# Super Nintendo



## JQueen

Picked up a Super Nintendo today.. Was really wanting to play the old school games like donkey kong Mario kart and man those games are pricey for being almost 20 years old


----------



## B- one

You can borrow mine. Oh you live to far away to want to pick them up. If I ever drive the Blue Ridge Parkway again I will let you know.


----------



## B- one

Don't forget the other classics F-zero and Super Mario All Stars. I just had to rub it in. :devil:


----------



## B- one

I forgot the pic. Don't get me started on the NES it looks great on the plasma display, anyone for Super Dodgeball or Super Tecmobowl?


----------



## JQueen

Haha that's awesome! It's such a great system I wish I would of never got rid of it before.


----------



## B- one

JQueen said:


> Haha that's awesome! It's such a great system I wish I would of never got rid of it before.

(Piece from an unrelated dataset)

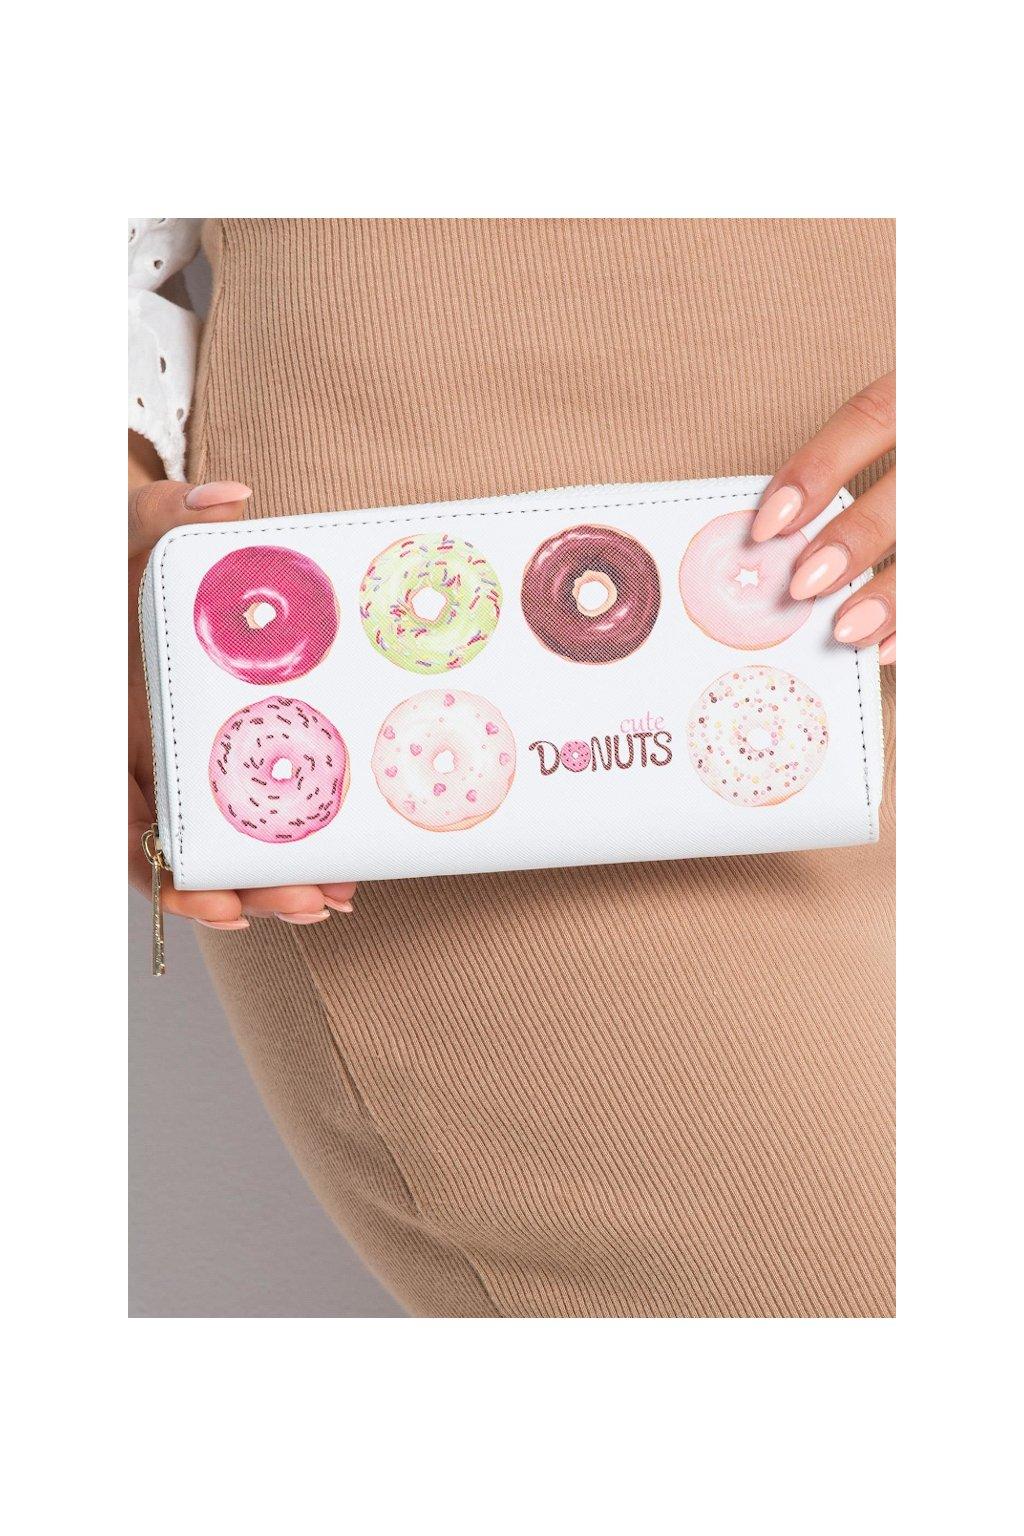 Bílá peněženka s potiskem donutů

I don't play much but it's fun when you break them out for sure.


----------



## JQueen

I think my daughter(4)was more excited then me I showed her the games on YouTube and she's ready to go


----------



## B- one

My 3 year old would just go crazy and try to run with the remote. But I'll let here play if she wants but she will lose she needs to know her place just like Mom who said she would play Blades of Steel, she lost badly and never played again:huh:? At my daughter's daycare they play the Wii but they may have a cheaper tv then us but for what we pay they could at least get it calibrated. Step your game up daycare!


----------